There "(Magnus Axelsson) note:this is a joke temperature:22" is the argument string. This string is a sequences of words. Normal words do not contain the ":" character. Words of the form a:b, where a is normal are key-value words, representing key-value pairs. Normal words must precede key-value words. The former make up the argument list, whereas the latter define the entries of the property dictionary. Thus we have

args = ["(Magnus", "Axellson)"]
properties = Dict.fromList [("note", "this is a joke"), ("temperature", "22")]

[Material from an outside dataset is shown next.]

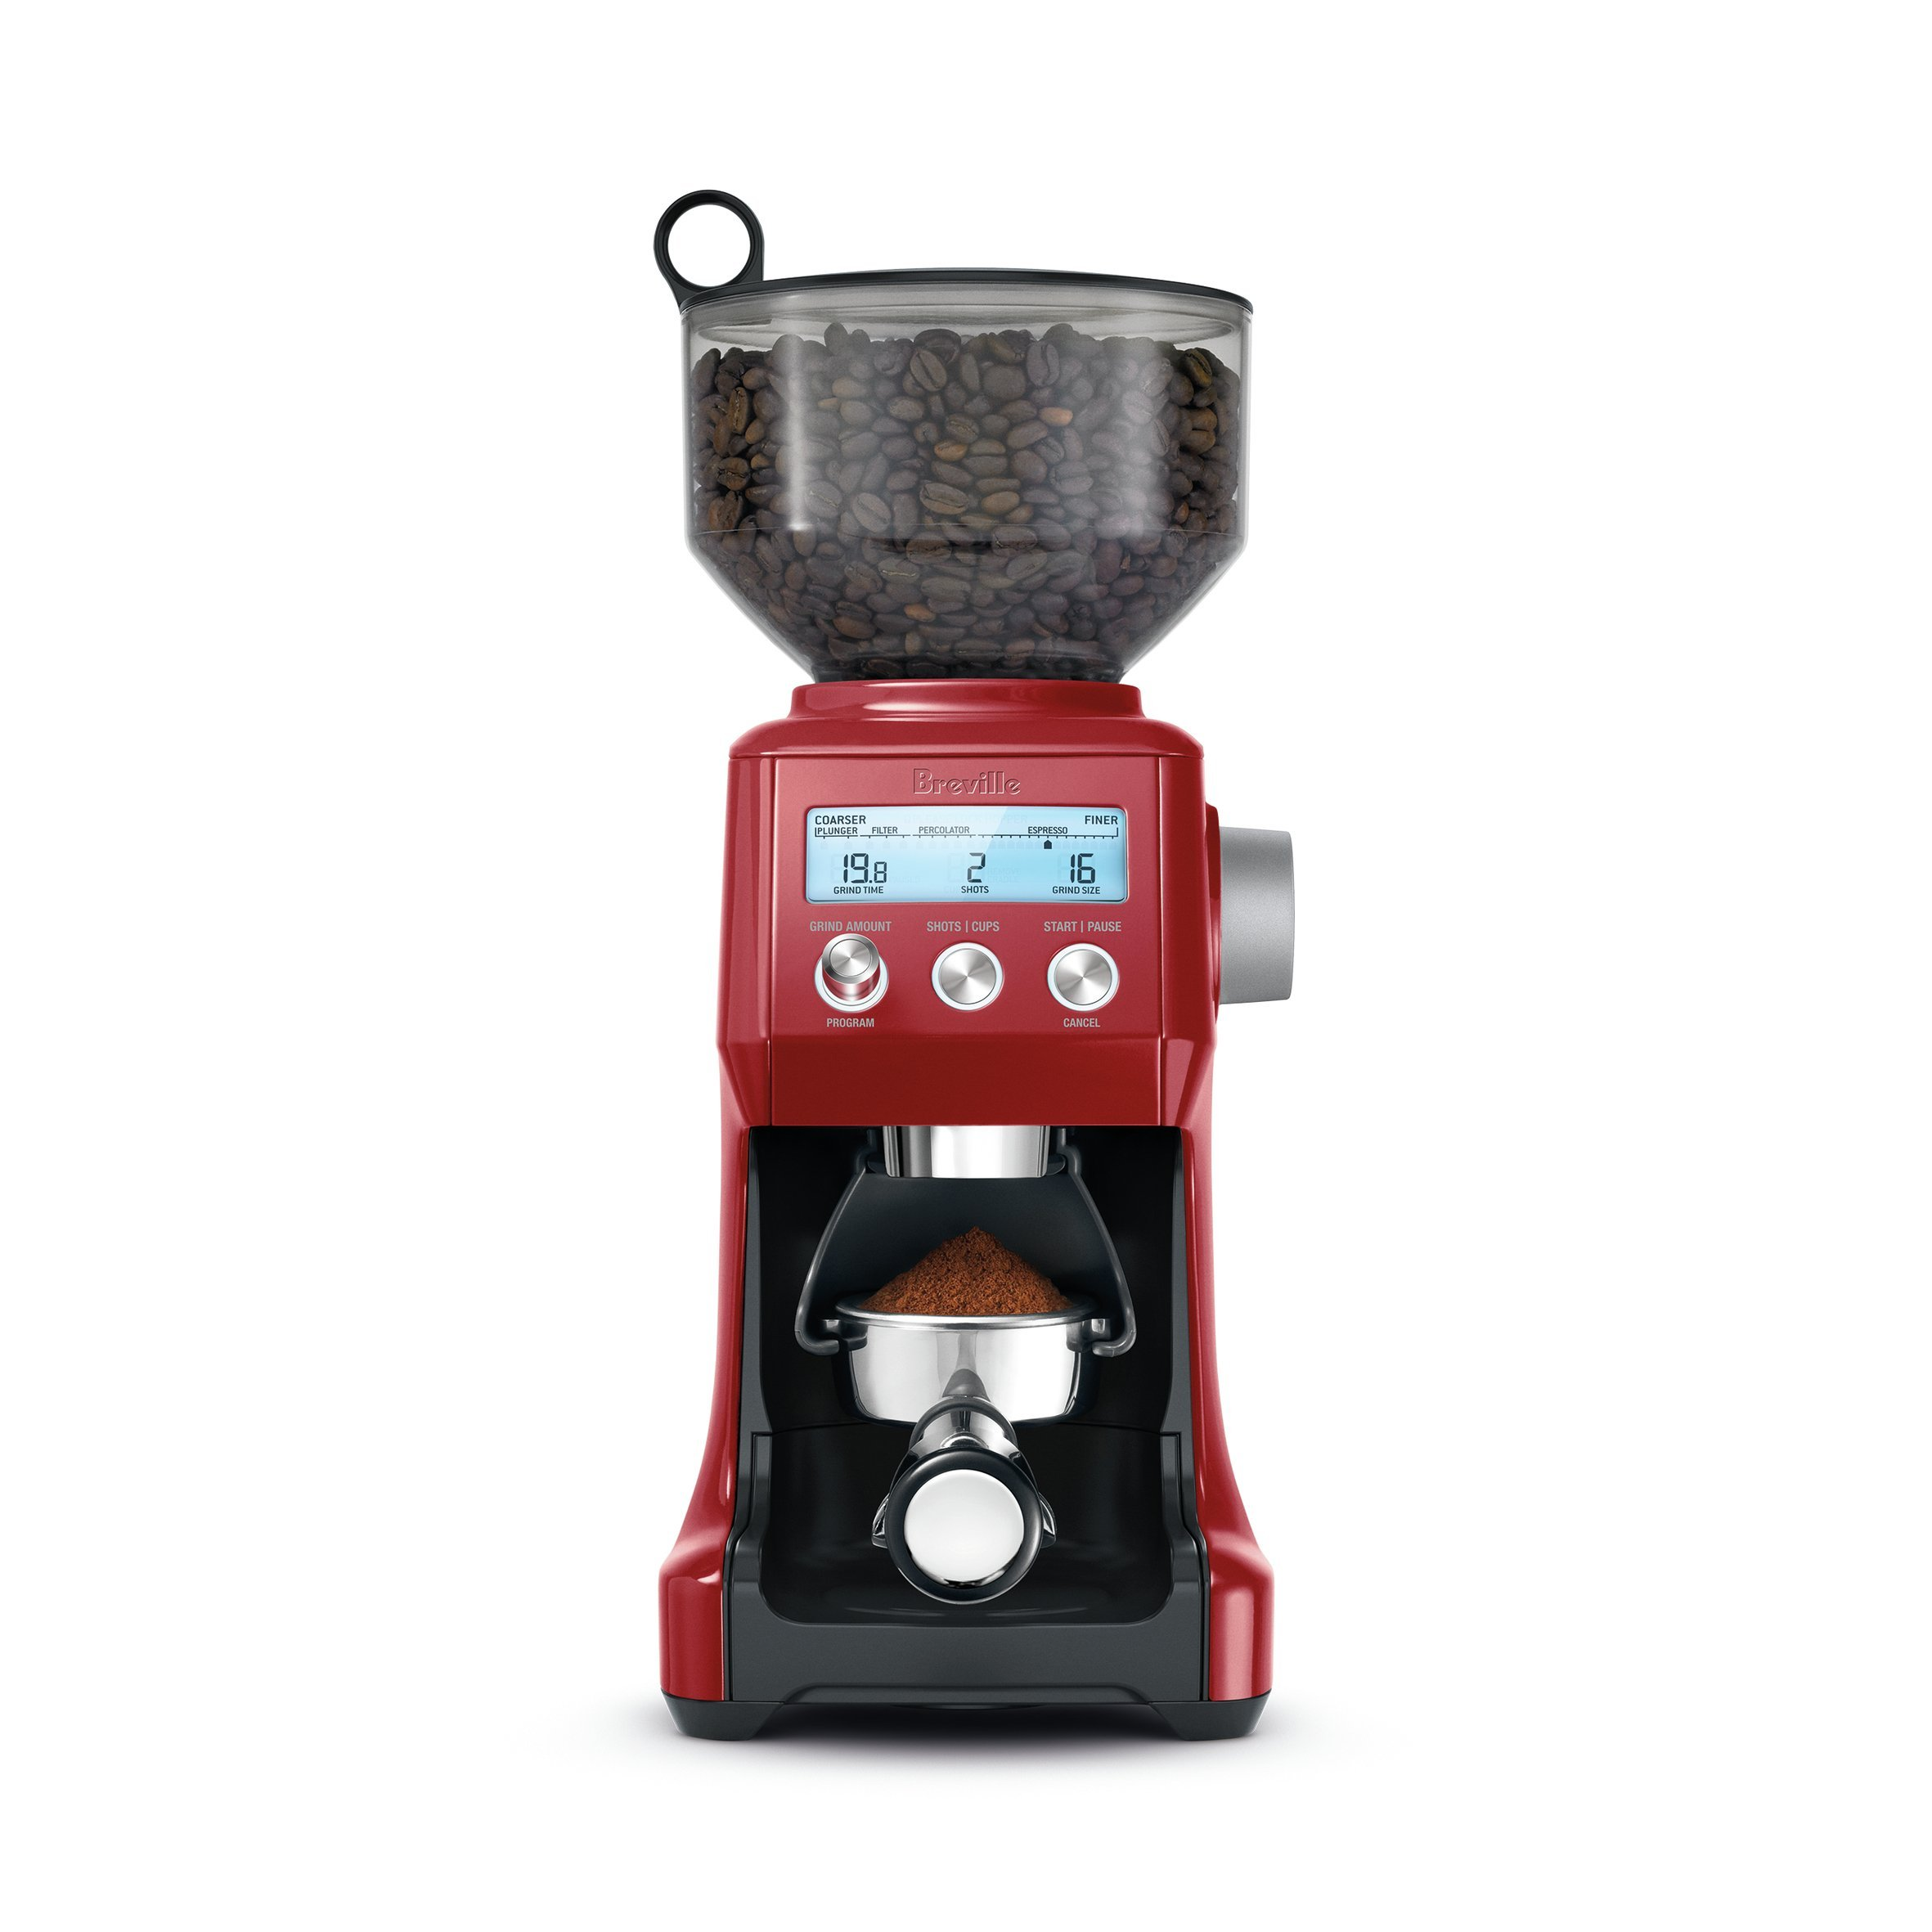 Breville BCG820BCRNXL The Smart Grinder Pro Coffee Bean Grinder, Cranberry Red (Renewed)

Arguments and properties are treated the same for verbatim blocks as for ordinary blocks.

Example (MicroLaTeX)

Below is a LaTeX environment with an LaTeX optional argument. In this case the args list is empty and their are three key-value pairs in the properties dictiononary

\begin{theorem}[foo:1, hoho:a b c, bar:2]
If $a = b$ then $b = a$
\end{theorem}
args = []
properties = Dict.fromList [("bar", "2"), ("foo", "1"), ("hoho", "a b c"]

At the moment, environments with normal arguemnts are not handled, e.g.,

\begin{theorem}{X}{Y}[foo:1, hoho:a b c, bar:2]
If $a = b$ then $b = a$
\end{theorem}

This should produce args = ["X", "Y"]

Coercion and Pseudoblocks

Certain constructs such as \image{https://yadayada.org/sparrow.jpg width:300} or \item foo bar ... look to be syntactically part of the surface internal language of MicroLaTeX. However, in source text they alway appear with an empty line above and below and so are parsed as an anonymous (paragraph) block. They must be coerced into being an ordinary or verbatim block, e.g.,

{ name = "image"
, blockType = PBVerbatim
, properties = Dict.fromList [("width", "200")]
, content = ["image{https://yadayada.org/sparrow.jpg"]
...
}

or

{ name = "image"
, blockType = PBOrdinary
, content = ["foo bar ..."]
...
}

This coercion is accomplished by functions in module MicroLaTeX.Parser.Transform, e.g.,

-- module MicroLaTeX.Parser.Transform
handlePseudoBlockWithContent : String -> Maybe String -> PrimitiveBlock -> PrimitiveBlock
handlePseudoBlockWithContent name maybeArg block = ...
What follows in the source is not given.